É suficiente manter a porta do coração entreaberta que «Deus
arranja a maneira de entrar», salvando-nos de acabar no exército dos
«in-misericordi»: neologismo para definir aqueles que, sem misericórdia, põem
em prática as bem-aventuranças ao contrário. Foi precisamente contra a tentação
«narcisista da autorreferencialidade» - o oposto da «alteridade» cristã que «é
dom e serviço».
Referindo-se ao trecho da segunda carta de São Paulo aos
Coríntios (1,1-7), proposto pela liturgia como primeira leitura, o Pontífice
observou que em apenas «19 linhas, Paulo fala 8 vezes de consolação, de se
deixar consolar para consolar o próximo». Portanto, a consolação «é citada 8
vezes em 19 linhas: é demasiado forte, quer dizer-nos algo». E «por isso acho
que esta é uma oportunidade, uma ocasião para refletir sobre a consolação: o
que é a consolação da qual Paulo nos fala»? Mas «antes de tudo vejamos que a consolação
não é autónoma, nem está fechada em si mesma».
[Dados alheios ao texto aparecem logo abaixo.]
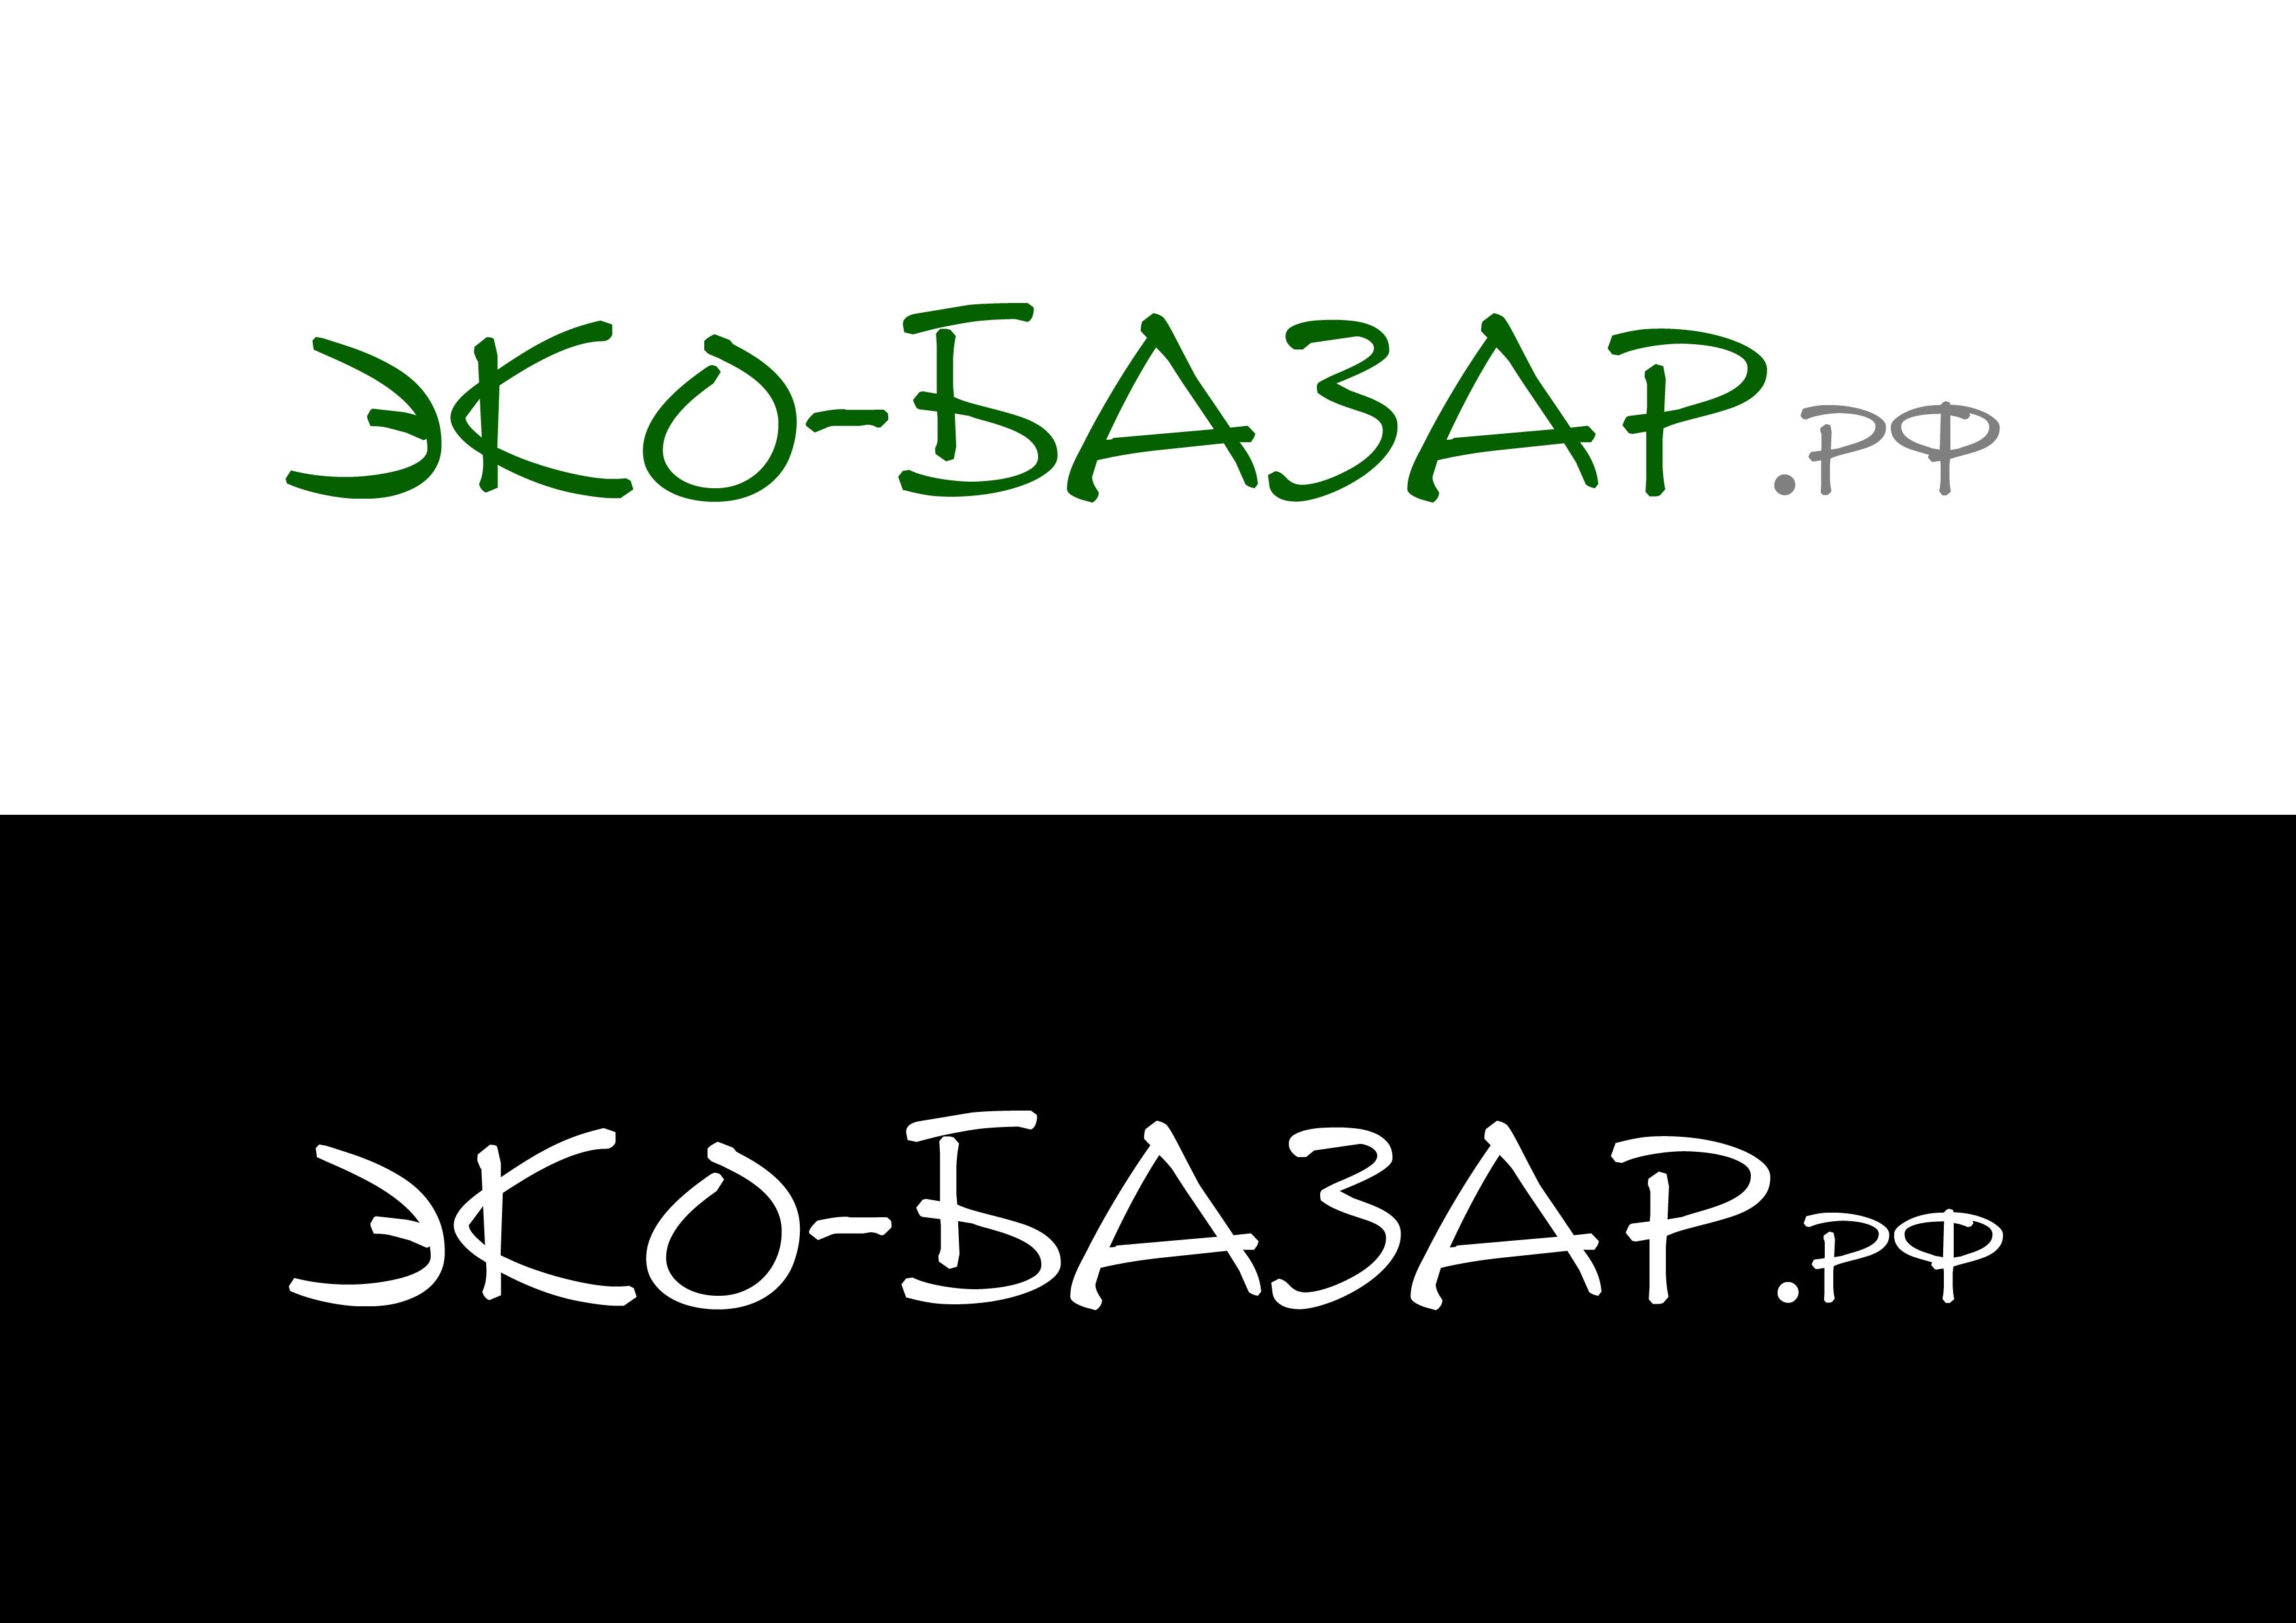 Логотип компании натуральных (фермерских) продуктов фото f_223594176041976d.jpg

Com efeito, «a experiência da consolação, que é uma
experiência espiritual, tem necessidade da alteridade para ser plena: ninguém
se pode consolar a si mesmo». E «quem procura fazê-lo, acaba por se fitar no
espelho: olha-se no espelho, procura maquilhar-se, aparecer; consola-se com
coisas fechadas que não o deixam crescer e respira o ar narcisista da
autorreferencialidade». Mas «esta é a consolação maquilhada, que não deixa
crescer, não é consolação porque está fechada, falta-lhe a alteridade».
«No Evangelho encontramos muitas pessoas assim», explicou.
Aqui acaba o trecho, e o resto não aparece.